Try It: DataCamp - Merge Two DataFrames
In the exercise below, you are given two DataFrames:
HOME ID | DIVISION | KWH |
---|---|---|
10460 | Pacific | 3491.900 |
10787 | East North Central | 6195.942 |
11055 | Mountain North | 6976.000 |
14870 | Pacific | 10979.658 |
12200 | Mountain South | 19472.628 |
12228 | South Atlantic | 23645.160 |
10934 | East South Central | 19123.754 |
10731 | Middle Atlantic | 3982.231 |
13623 | East North Central | 9457.710 |
12524 | Pacific | 15199.859 |
HOME ID | CLIMATE | TOTAL SQUARE FEET |
---|---|---|
13623 | Cold/Very Cold | 1881 |
11055 | Cold/Very Cold | 2455 |
10460 | Marine | 800 |
12200 | Hot-Dry/Mixed-Dry | 3800 |
12524 | Marine | 1110 |
10332 | Hot-Dry/Mixed-Dry | 1630 |
12106 | Cold/Very Cold | 5184 |
11718 | Mixed-Humid | 1812 |
14500 | Marine | 2195 |
13193 | Marine | 847 |
* Data Source: Residential Energy Consumption Survey (RECS)(link is external), U.S. Energy Information Administration (accessed Nov. 15th, 2021)

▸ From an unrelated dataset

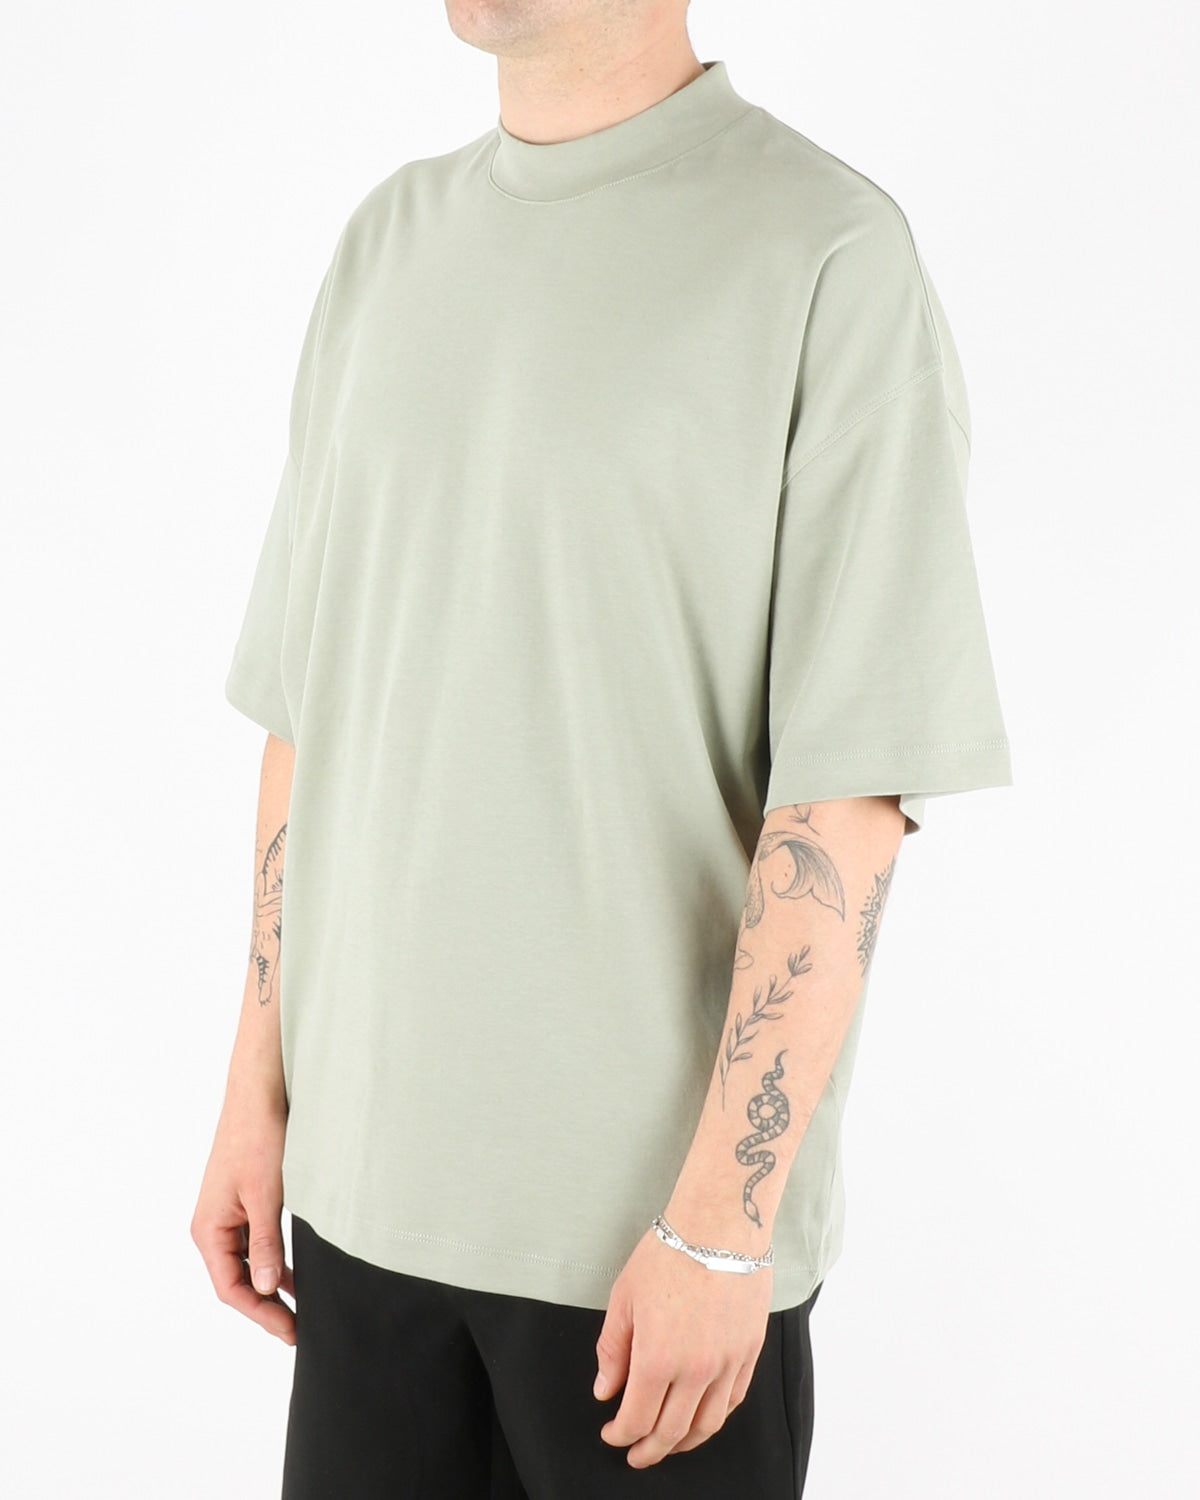 Hamal T-Shirt, seagrass
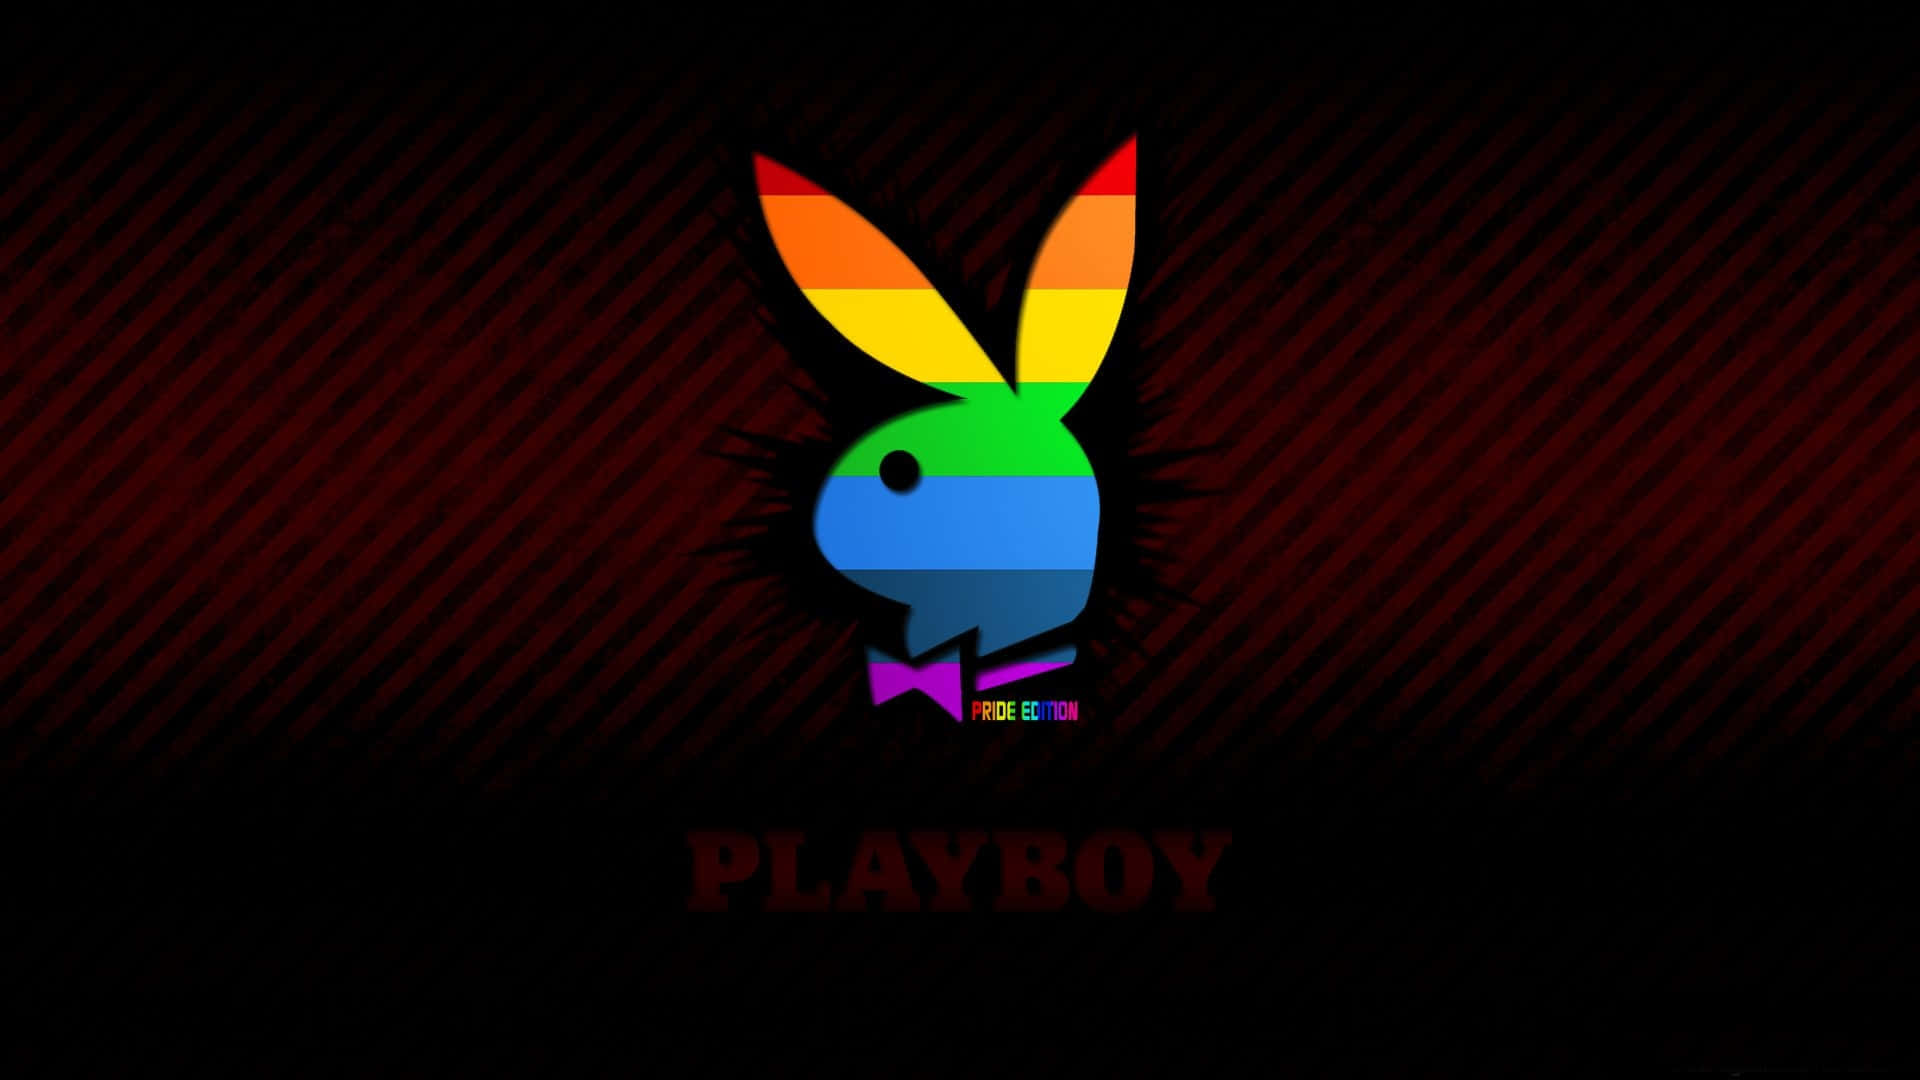 Playboy Rabbit Logo on Black Background

Note that these two DataFrames share some of the same cases, identified by "HOME ID" (a numeric idenifier unique to each home). In the exercise below, start by seeing what happens when you perform an 'inner' merge:
How does the resulting DataFrame change when you peform an 'outer' merge? A 'left' merge? A 'right' merge? Pay attention to which rows are kept and where NA values are inserted.